Lazio

solo un cittadino su dieci usa il Fascicolo Elettronico. Al via il piano “salva-dati”

Nel Lazio la sanità digitale resta un’occasione mancata. Mentre in alcune regioni il Fascicolo Sanitario Elettronico è ormai entrato nella quotidianità dei cittadini, qui continua a rimanere ai margini: appena il 9% della popolazione lo ha attivato.

Un dato che colloca il territorio tra gli ultimi in Italia e che racconta, più di ogni analisi, una distanza ancora profonda tra innovazione e utilizzo reale.

A evidenziarlo è l’ultimo report della Fondazione Gimbe, che segnala un divario netto rispetto alla media nazionale, ferma al 44%, e ancor più rispetto alle regioni del Nord, dove l’adesione sfiora ormai la totalità degli assistiti.

Un archivio che potrebbe cambiare le cure

Il Fascicolo Sanitario Elettronico non è un semplice contenitore digitale. È, nelle intenzioni, la memoria clinica di ogni cittadino: un sistema che raccoglie esami, ricette, referti e documenti ospedalieri, accessibile in pochi secondi da medici e strutture sanitarie.

Uno strumento che potrebbe velocizzare diagnosi, evitare esami duplicati e migliorare la gestione delle emergenze.
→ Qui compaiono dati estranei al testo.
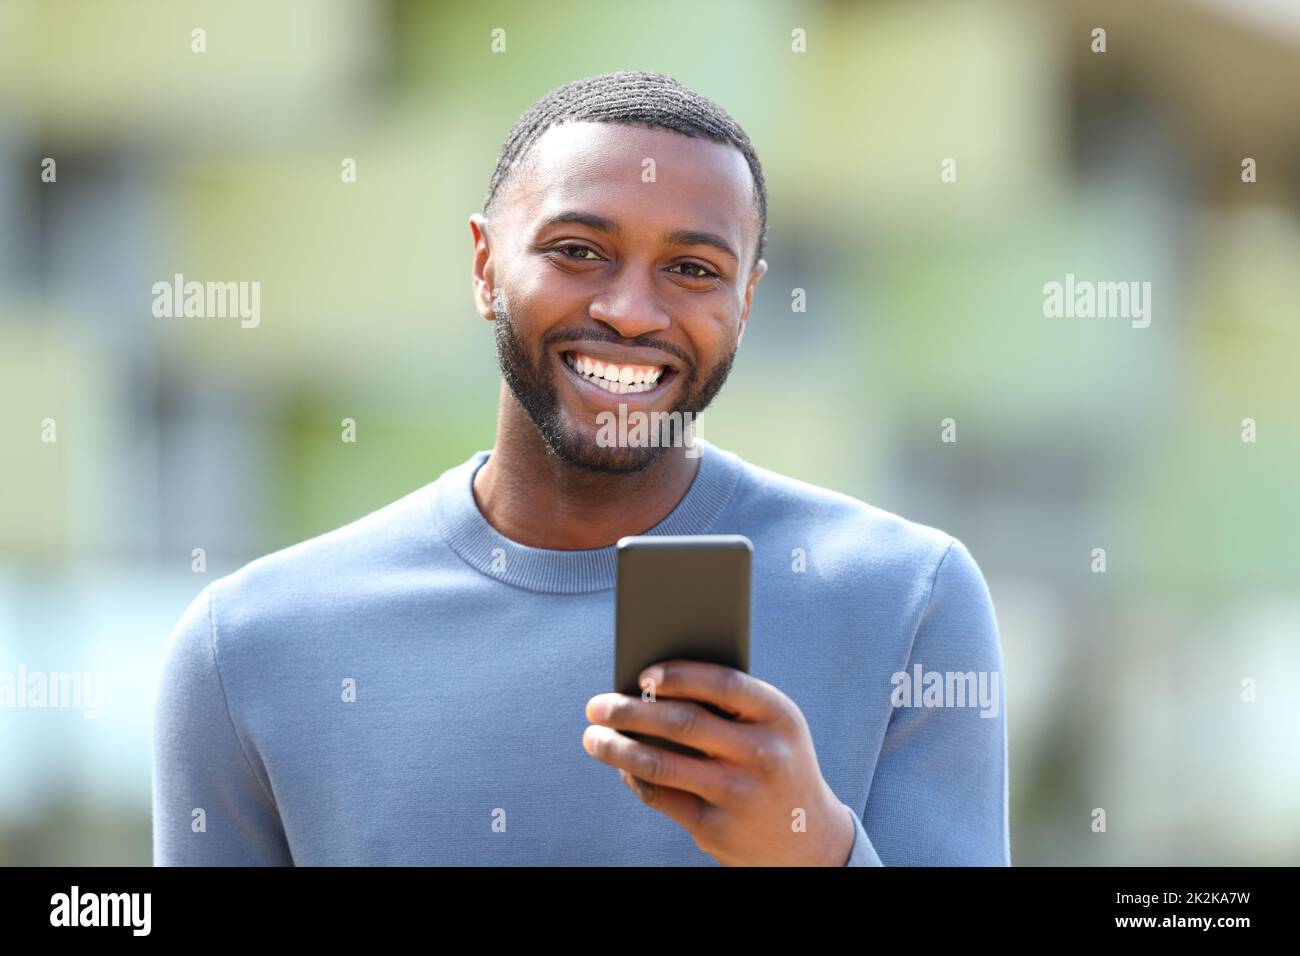 Un homme heureux avec une peau noire tient le téléphone et vous regarde Banque D'Images

Eppure, nel Lazio, resta spesso inutilizzato o incompleto, perché privo del consenso necessario alla consultazione.

Secondo il presidente della Fondazione Gimbe Nino Cartabellotta, il problema non è tecnico ma culturale: molti cittadini non conoscono il servizio, altri diffidano della gestione dei dati personali, finendo per non attivarlo o lasciarlo vuoto.

La Regione prova a recuperare terreno

Per invertire la tendenza, la Regione Lazio ha deciso di puntare sulla comunicazione, cercando di parlare soprattutto alle fasce più giovani.
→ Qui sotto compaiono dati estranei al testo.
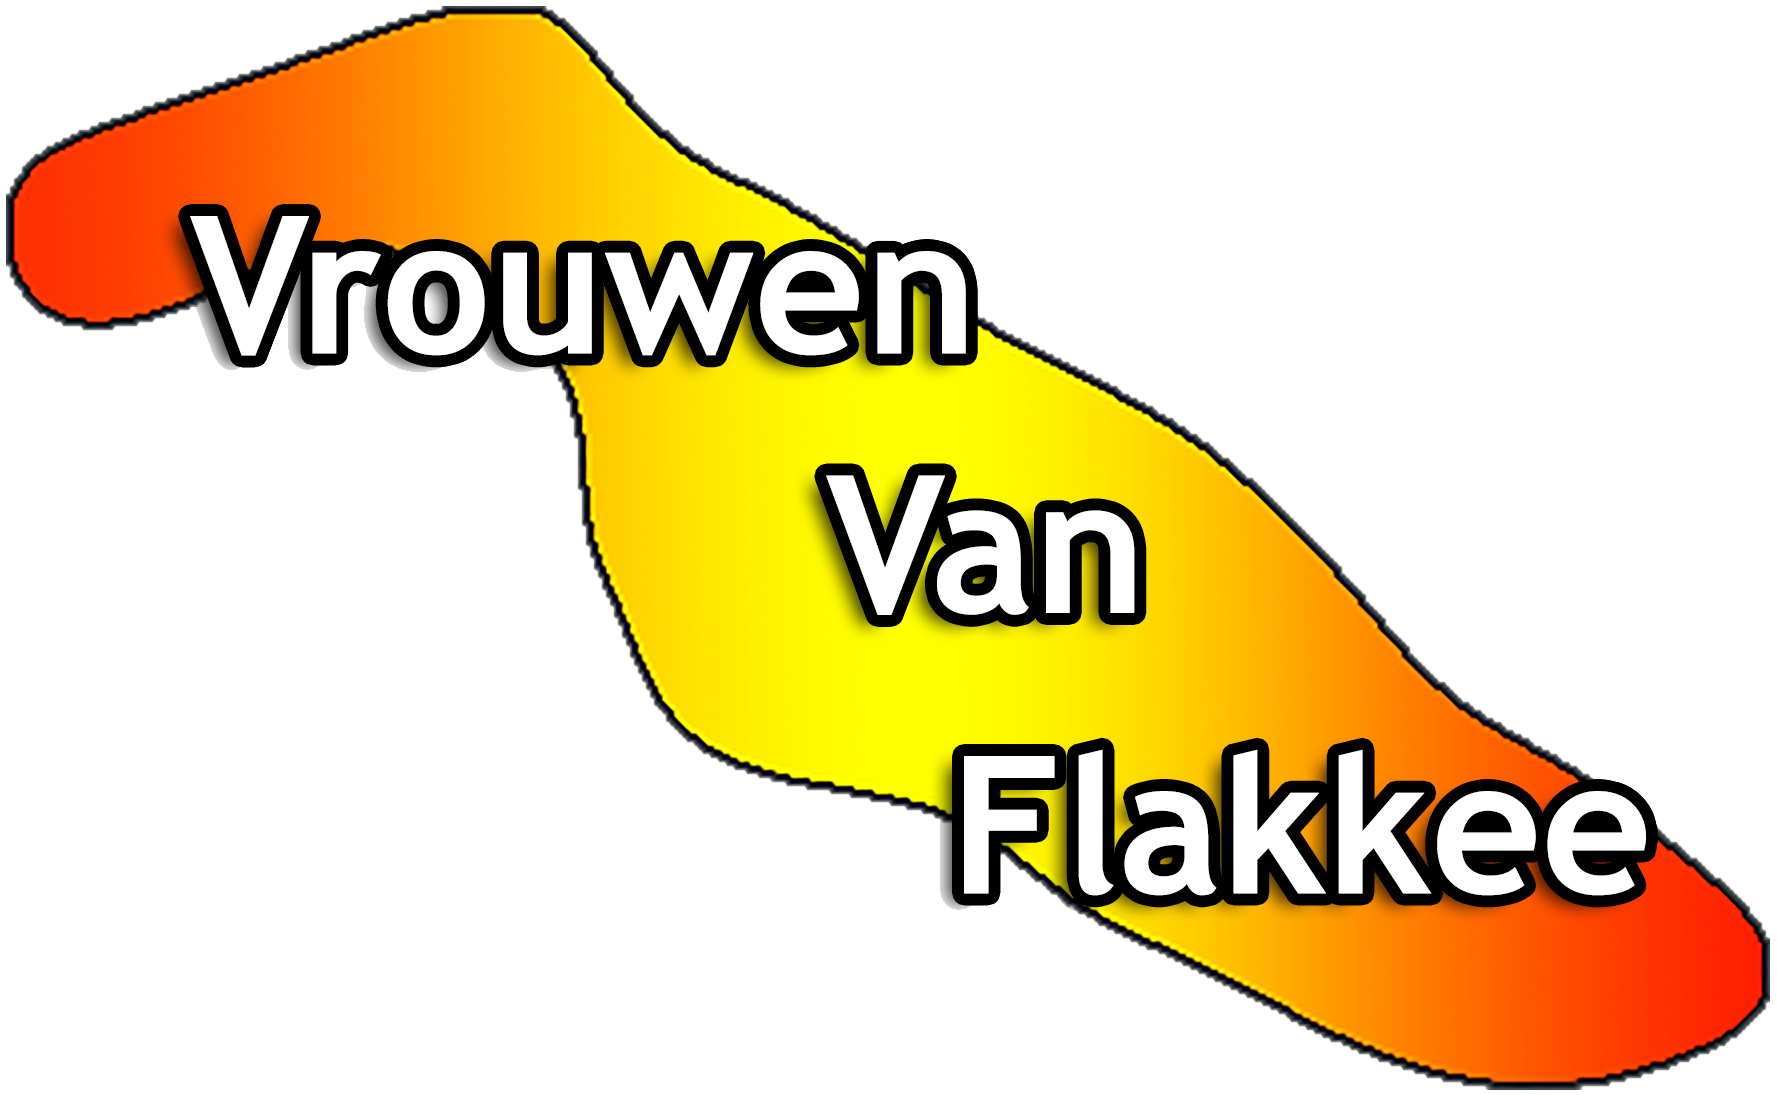 Vrouwen Van Flakkee

Il presidente Francesco Rocca è intervenuto anche sui social per spiegare l’utilità del fascicolo, affiancato da volti noti della divulgazione sanitaria.

Accanto a questa strategia, è stato avviato un piano di sensibilizzazione più ampio, con l’obiettivo di aumentare la consapevolezza e spingere i cittadini ad attivare il servizio.
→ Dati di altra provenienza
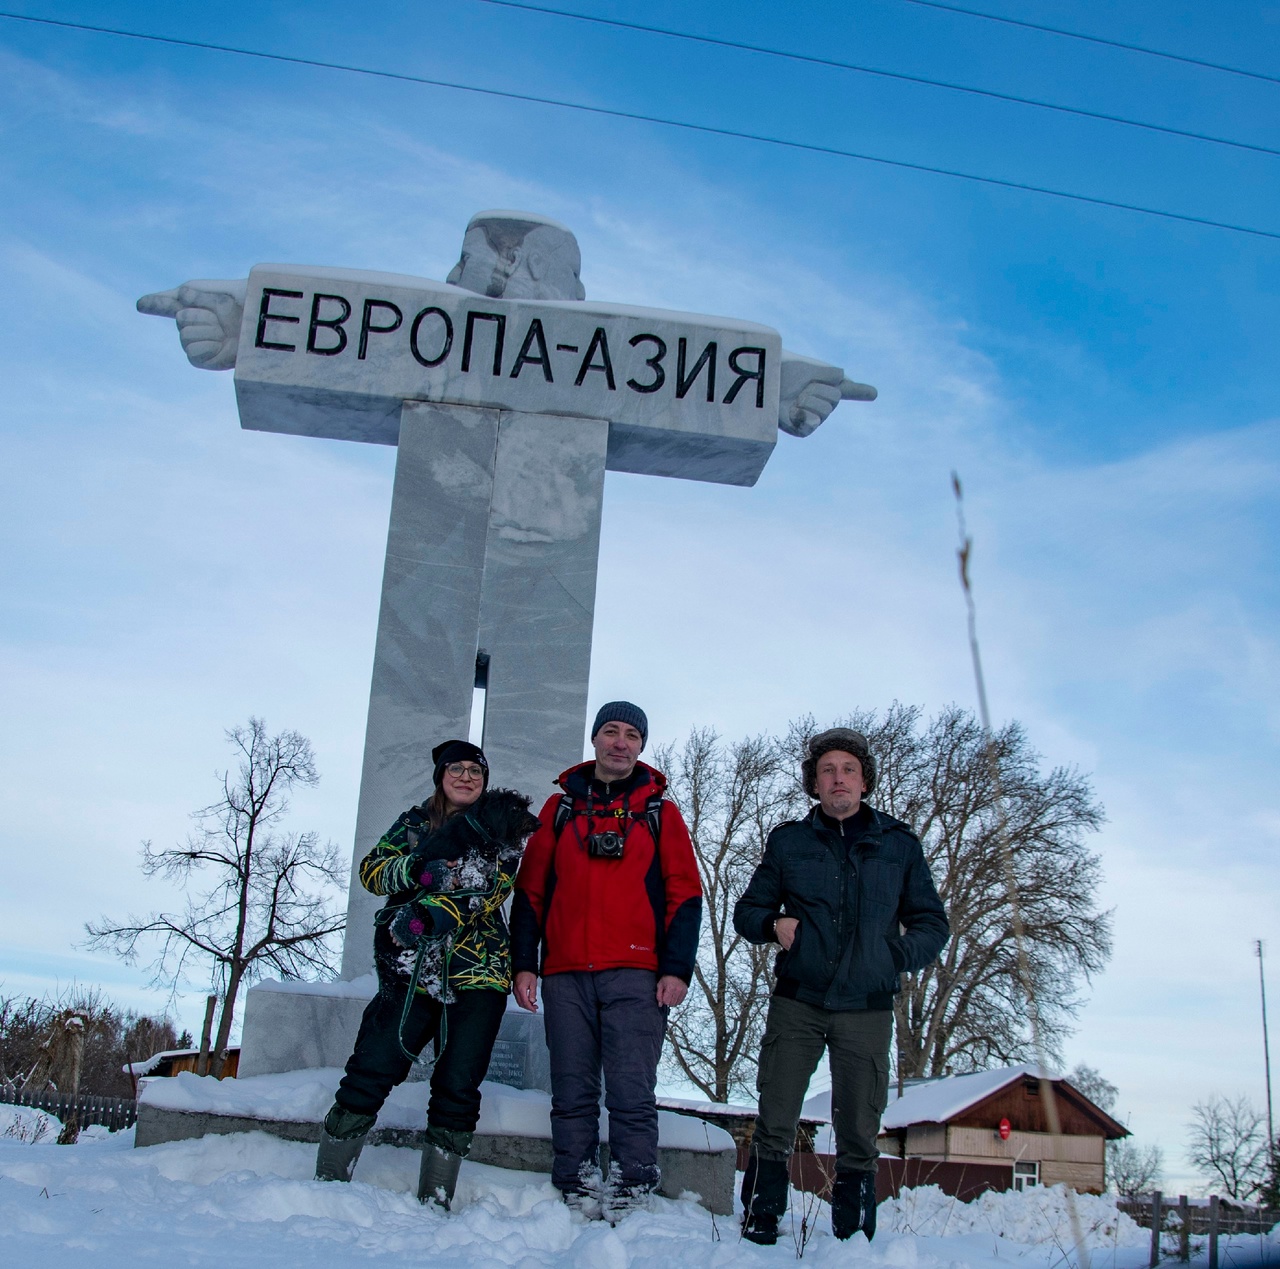 Трое туристов в понедельник посетили село Мраморское Груп...

Una procedura semplice, ma poco conosciuta

Eppure, l’accesso al Fascicolo Sanitario Elettronico richiede pochi passaggi: basta entrare nel portale regionale con le proprie credenziali digitali — SPID, carta d’identità elettronica o tessera sanitaria — e autorizzare la consultazione dei dati.

Un passaggio decisivo: senza il consenso, il fascicolo resta inaccessibile anche ai medici, vanificando ogni potenziale beneficio.

Per chi incontra difficoltà con gli strumenti digitali, è possibile rivolgersi ai punti di assistenza sul territorio, dove il personale può guidare nell’attivazione.

Il nodo della fiducia

Il caso del Lazio mette in evidenza un tema più ampio: la digitalizzazione della sanità non dipende solo dalle infrastrutture, ma anche dal rapporto di fiducia tra cittadini e istituzioni.